* _Material provided_:
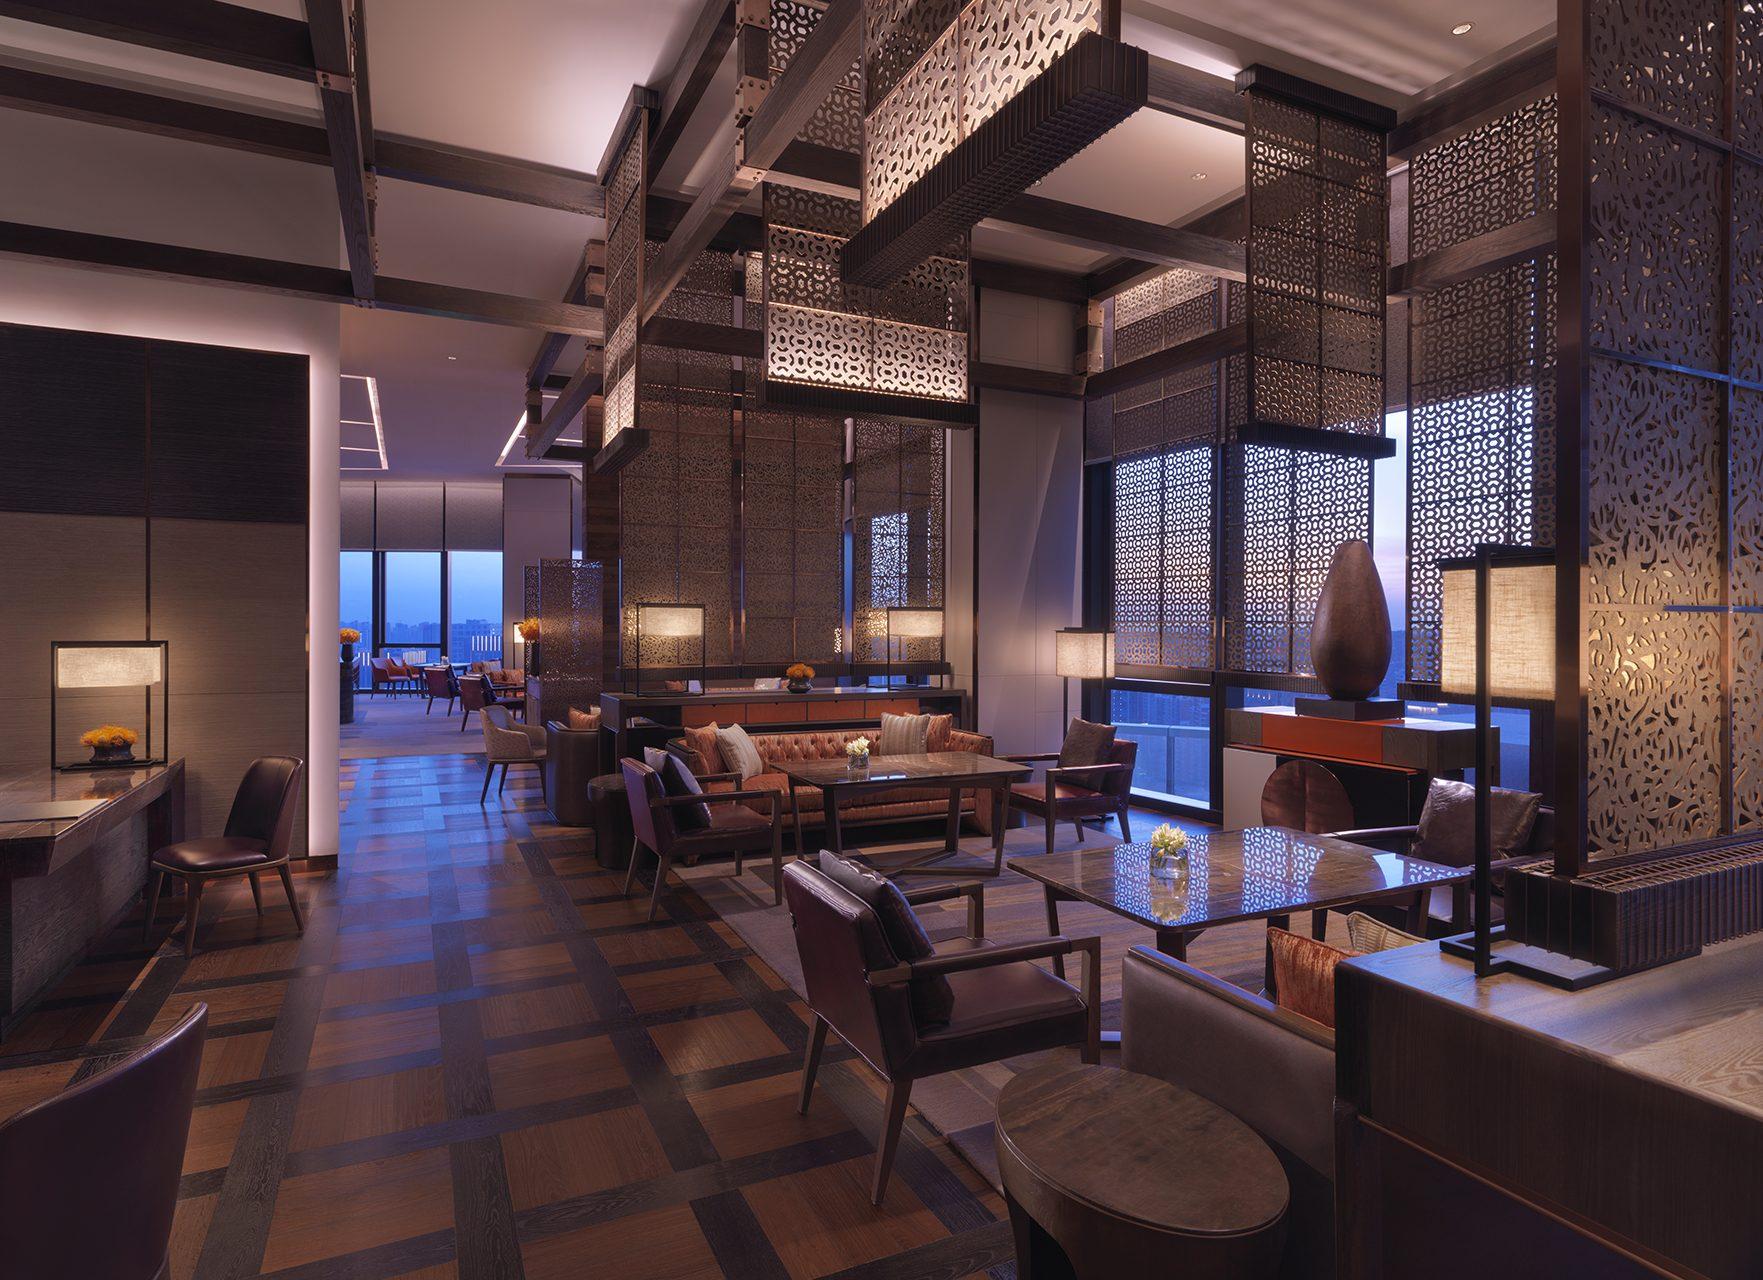 Grand Hyatt Xi'an
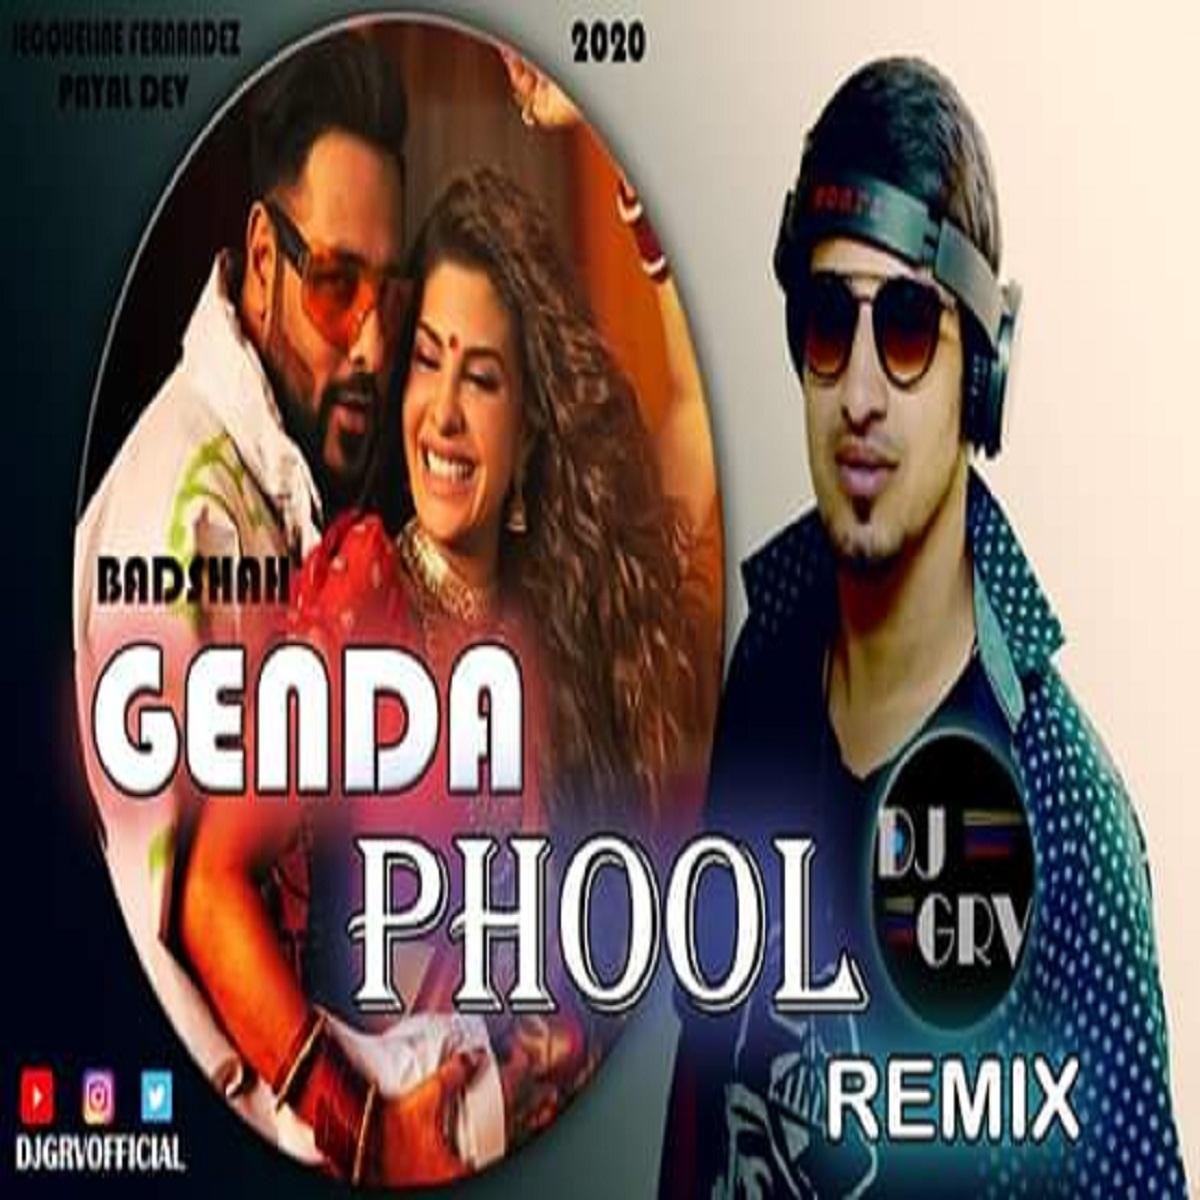 Badshah - Genda Phool - Dj GRV Remix
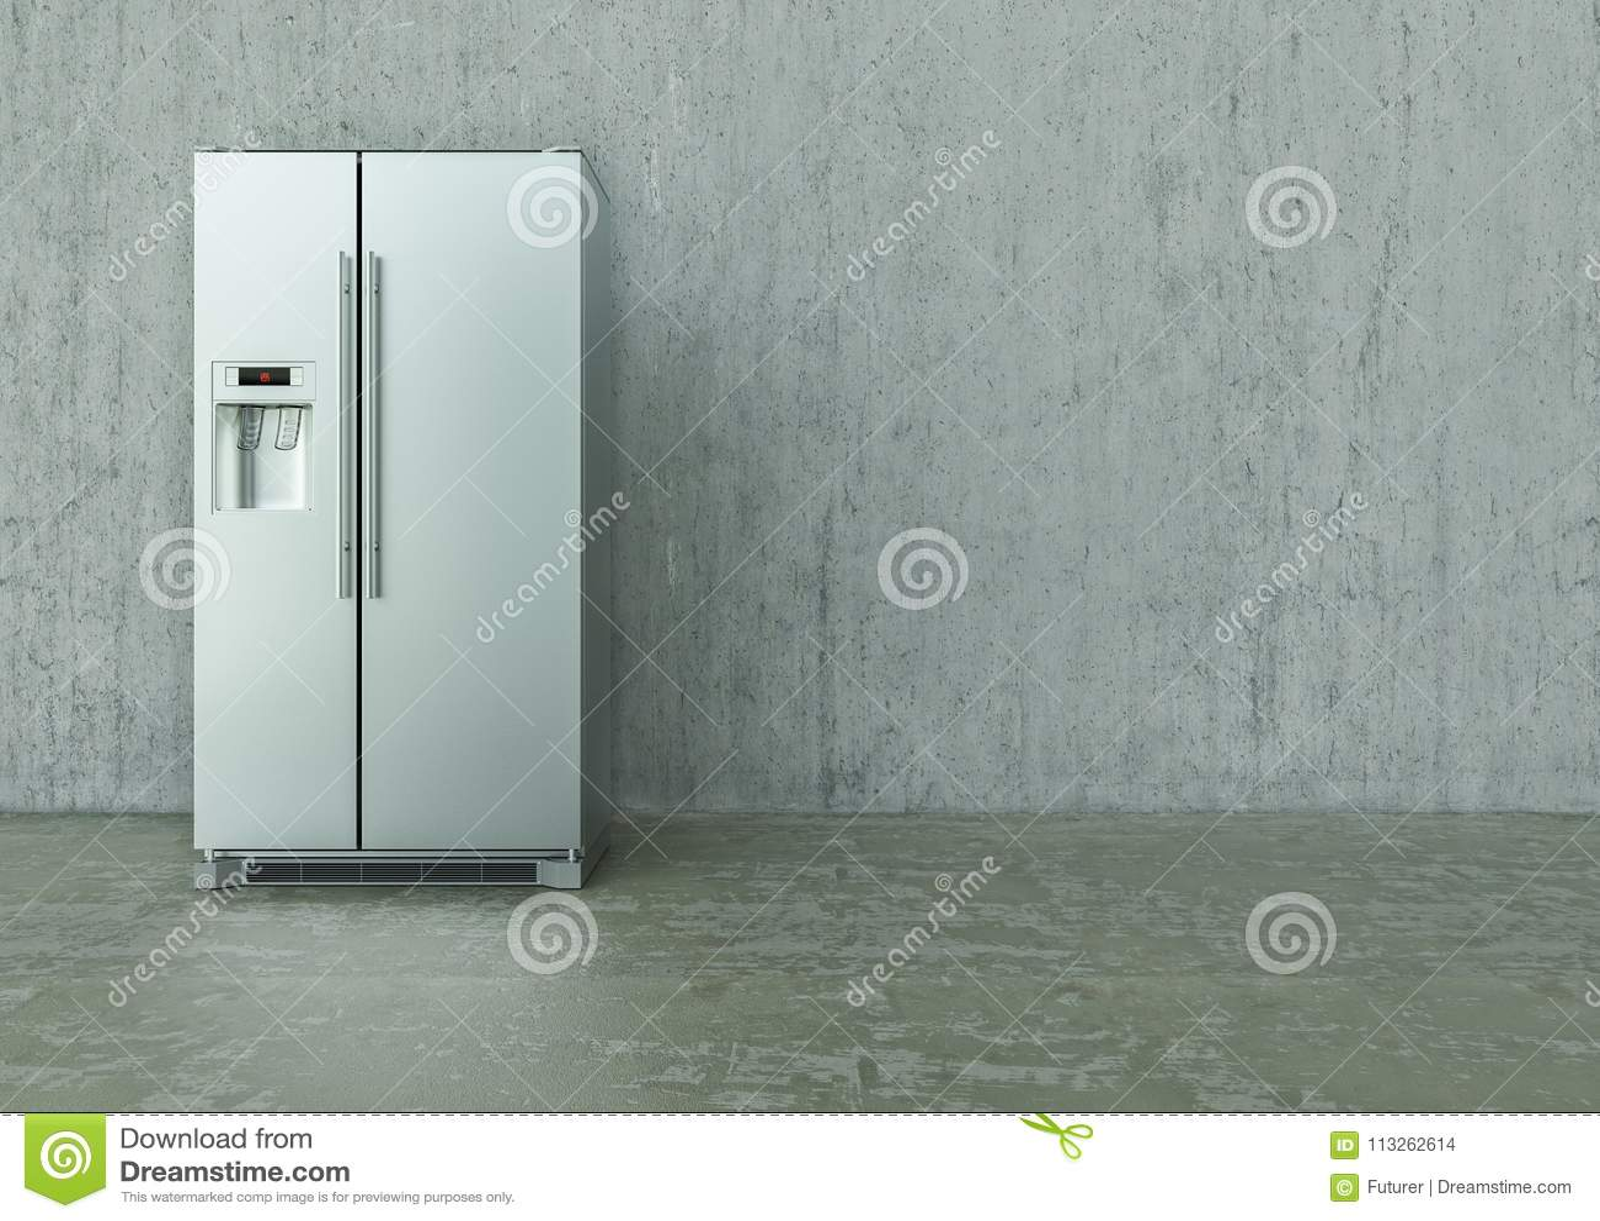 Kühlschrank Edelstahl : Edelstahl kühlschrank kühlschrank exquisit edelstahl kühlschrank

* _Work item_:
Once the pictures have been removed, reproduce each line of the material above exactly.

* _Solution_:
 Grand Hyatt Xi'an
 Badshah - Genda Phool - Dj GRV Remix
 Kühlschrank Edelstahl : Edelstahl kühlschrank kühlschrank exquisit edelstahl kühlschrank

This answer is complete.